A political bunfight has erupted over both parties’ Budget revenue estimates.
The Coalition has accused Labor of drastically overestimating the revenue gained from raising cigarette taxes after the Australian Treasury estimated that it would raise $28.2 billion over the decade versus $47.7 billion claimed by Labor, a difference of $19.5 billion.
Labor has countered, however, that its estimates have come from the independent Parliamentary Budget Office (PBO), hence they are good.
From The Australian:
In a dramatic upset on the eve of the federal election, the Treasury estimates forced Labor’s spokesman Chris Bowen to explain his election costings just as he sought to go on the attack against the government over the fairness of its budget reforms…
The government will also match Labor’s policy to lift tobacco excise in four annual 12.5 per cent increases that start in September next year — taking the overall tax to three-quarters of the cost of each pack of cigarettes.
Labor unveiled its policy last year with the claim it would raise $3.8bn over the years to June 2019 and $47.7bn over the first decade, relying on confidential costings by the Parliamentary Budget Office that were never publicly released.
“When providing its costings, the PBO considered behavioural changes that are likely to result from the change in policy,” the Labor policy states.
Treasury modelling of the same excise increase showed it would raise only $2.2bn in the years to June 2019, suggesting Labor faces a $1.6bn hole in the funding of its promises over the four years of the official budget estimates.
The funding gap swells to $19.5bn over a decade.
However, the Coalition could also be accused of ‘cooking the books’, with Fairfax’s Peter Martin noting today that that there are $13 billion of so-called “zombie measures” left on the books from the first and second Abbott Government Budgets that will help prop-up tonight’s Federal Budget.
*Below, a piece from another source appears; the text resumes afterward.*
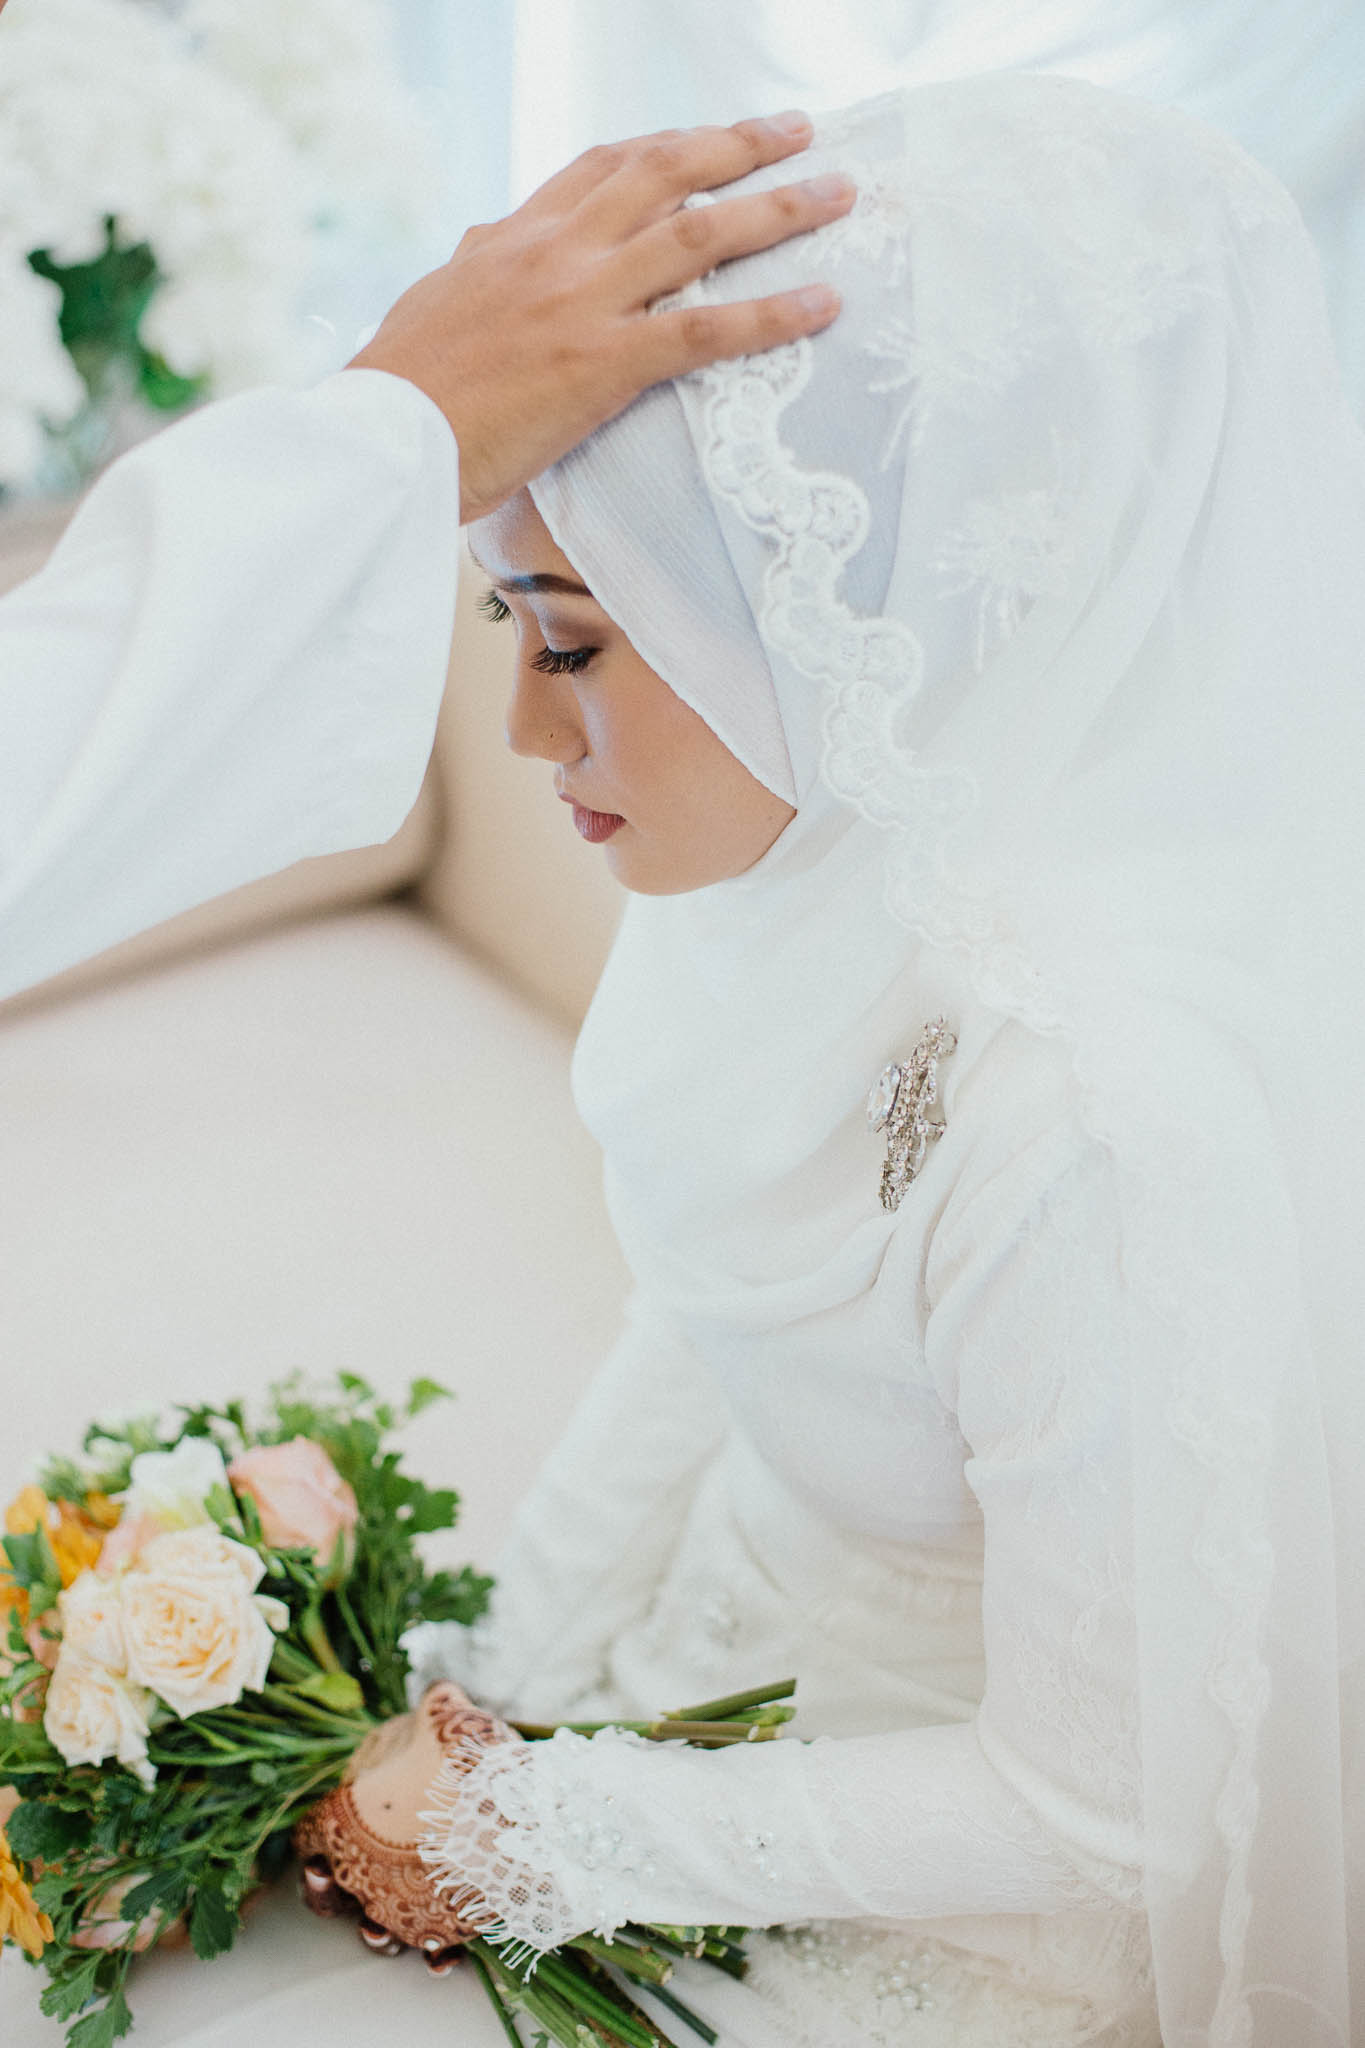 singapore-wedding-photographer-addafiq-nufail-025.jpg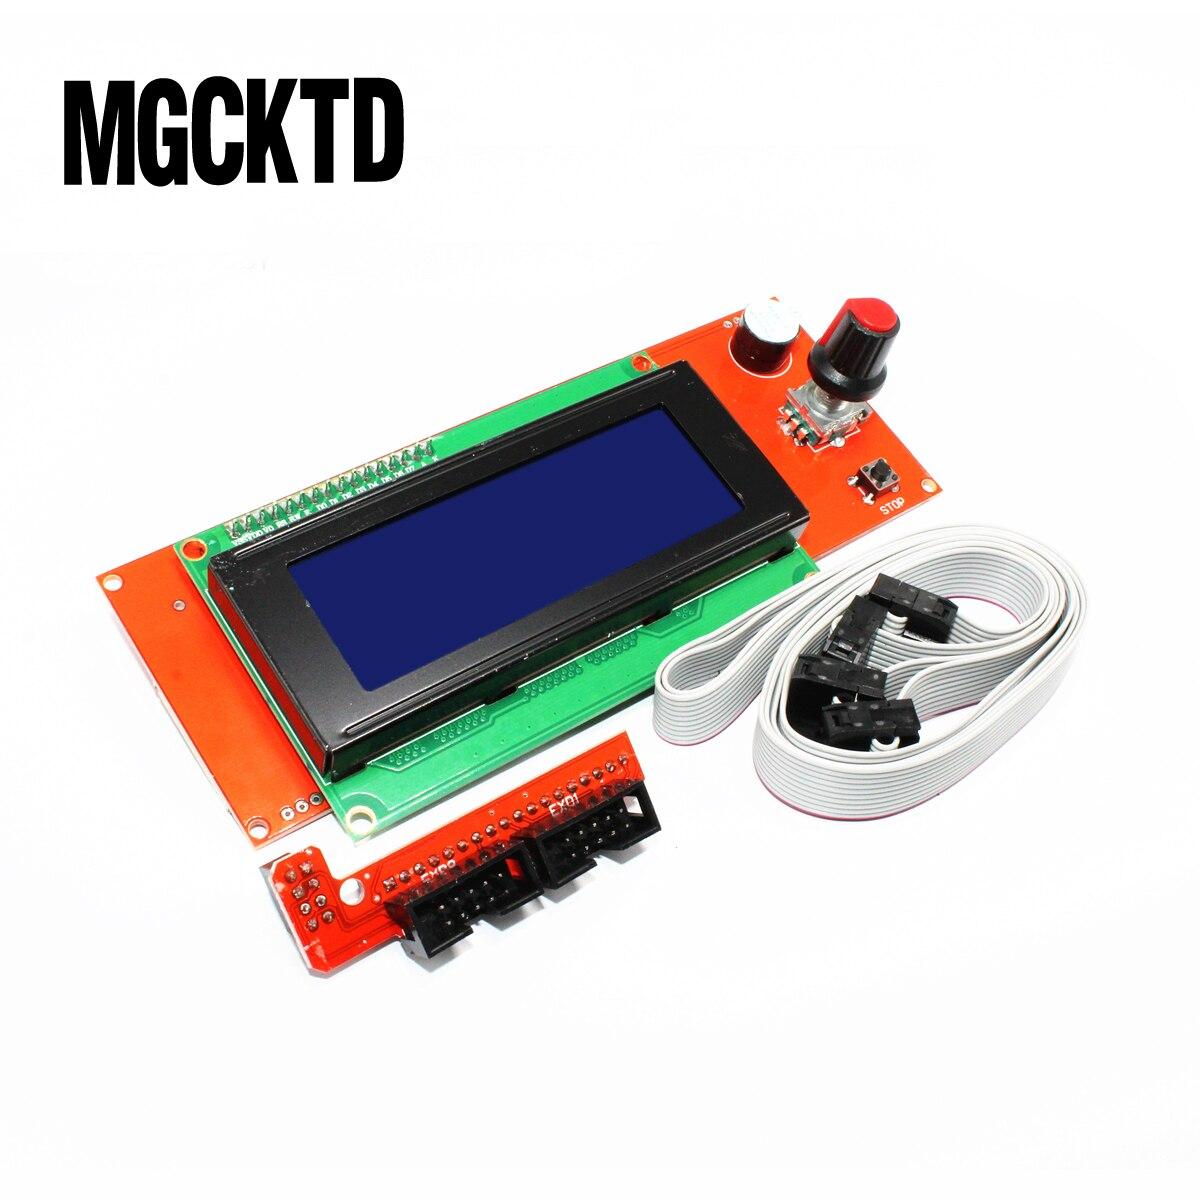 Novos produtos 2004 LCD Módulo de Controle para Impressora Reprap Controlador Smart Rampas 1.4 FZ590 3D Dropshipping

From The SMH:
A parliamentary budget office count for the coming financial year puts the “ghost” measures at $1.7 billion. The biggest are the $600 million from planned cuts to access to Family Tax Benefits, $258 million from the outlawing of alleged double-dipping of maternity leave schemes, and $139 million from increasing co-payments and changing the safety net for the Pharmaceutical Benefits Scheme.
By 2019-20 the Family Tax Benefit cutbacks are booked to have saved the budget $6.3 billion, with the outlawing of double-dipping saving $1.3 billion, and changes to the Pharmaceutical Benefits Scheme $1.2 billion.
In total, the 25 unlegislated measures are on the budget books as saving $13.3 billion over the four years to 2019-20, even though none will be able to start as scheduled on July 1…
The practice of keeping half-dead measures alive in the budget estimates means that unless the measures get through Parliament, the next four budget deficits will be an average of $3.3 billion worse than projected.